Predicting unknown data

Key challenges:

  • When the number of users and items are relatively large, usually recommend the matrix is a sparse matrix (in the matrix, the number of elements if a value of 0 is far more than the number of non-zero elements and non-zero element distribution without law, says that the matrix of the sparse matrix), shows that most users may not express preferences for most of the items.

  • Cold start is a problem that every recommendation system needs to face.

Example of matrix decomposition:


That is:

By comparing the leftmost element matrix with the rightmost prediction matrix, the element value in the missing value position of the original matrix is the predicted value.

And you can also get

That is, the preference data of the item at position ij can be represented by the portrait vector of the ith user and the portrait vector of the JTH item.

The graphical representation is as follows:

The mathematical meaning of K is the rank of matrix decomposition, and the business meaning is the k factors that affect the user’s rating of items. At present, we cannot directly know the value of K, and generally adopt the way of cross verification to find the optimal value of K during model training.

We can use the sum variance as the loss function

This is done by using the {}, calculate the “and variance” to minimize it, that is, the closer the predicted value is to the true value. That gives us the values of U and P that we need.

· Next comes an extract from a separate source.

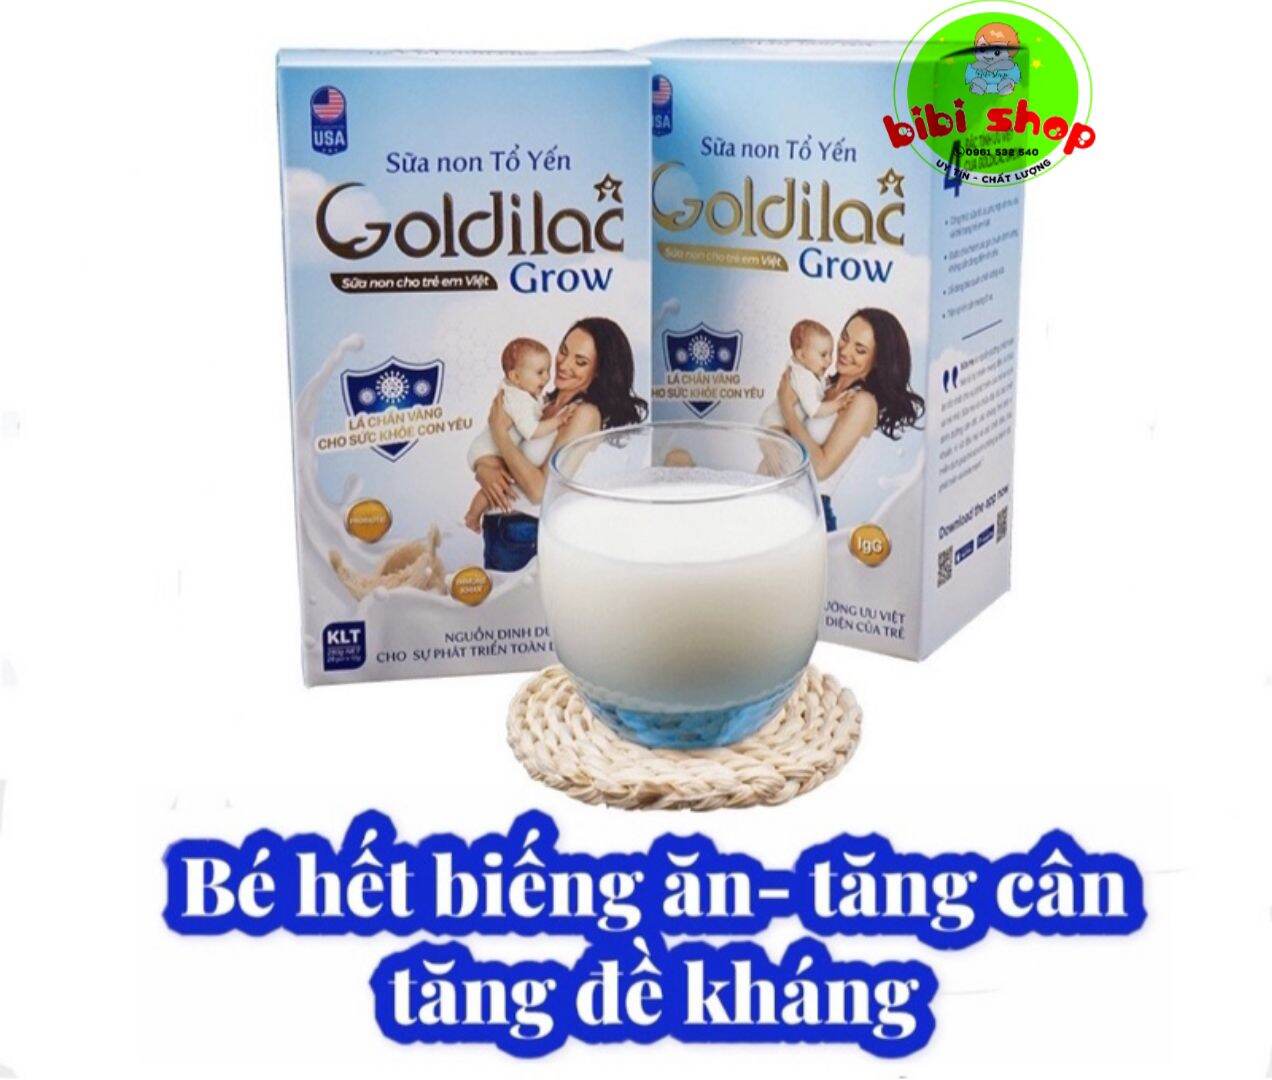 Sữa non Goldilac Grow sữa non tổ yến Goldilac Grow

The gradient of the loss function

Separate extraction error

The derivative of the error L on U and P can be obtained

Now that we know the gradient (derivative) of the loss function, we can use gradient descent to solve for U and P.

Gradient descent method

The optimal solution can be obtained by randomly selecting a starting point and continuing training in the direction of negative gradient until the gradient of the loss function is closer and closer to zero.

Introduce regularization

In order to prevent over-fitting, regularization parameters are added to the loss function

Lambda > 0

In this way, when U and P are both guaranteed to be relatively small, and the value of U or P changes dramatically, the dot product of U and P will not change much.

The final loss function is:

+

The gradient of the final loss function is:

The gradient descent method is used to find the optimal solution

The gradient descent rate γ (learning rate) and k value were set, and U and P were randomly initialized. The training was repeated until the error was satisfied.

Evaluation and recommendation system

  • Basically, we train the model through the training set, test the model through the test set, and if the model’s performance on the test set meets our expectations, the model can be deployed online. The average absolute deviation is generally used to verify the predicted value of the model

N: The total number of recommended values in the test set

: Recommended value of item P by the real user U

: The predicted user u’s recommended value for item P

  • Online A/B testing

The project of actual combat

The data set format is as follows:

1	1119	9.000000
1	167	8.000000
1	6265	8.000000
1	1440	9.000000
1	1427	9.000000
1	5404	8.000000
1	259	7.000000
1	4156	8.000000
2	419	9.000000
2	415	10.000000
2	2834	9.000000
2	228	10.000000
2	107	10.000000
2	440	9.000000
2	44	10.000000
2	455	10.000000
Copy the code

The first column is user ID, the second column is item ID, and the third column is the corresponding score (1-10)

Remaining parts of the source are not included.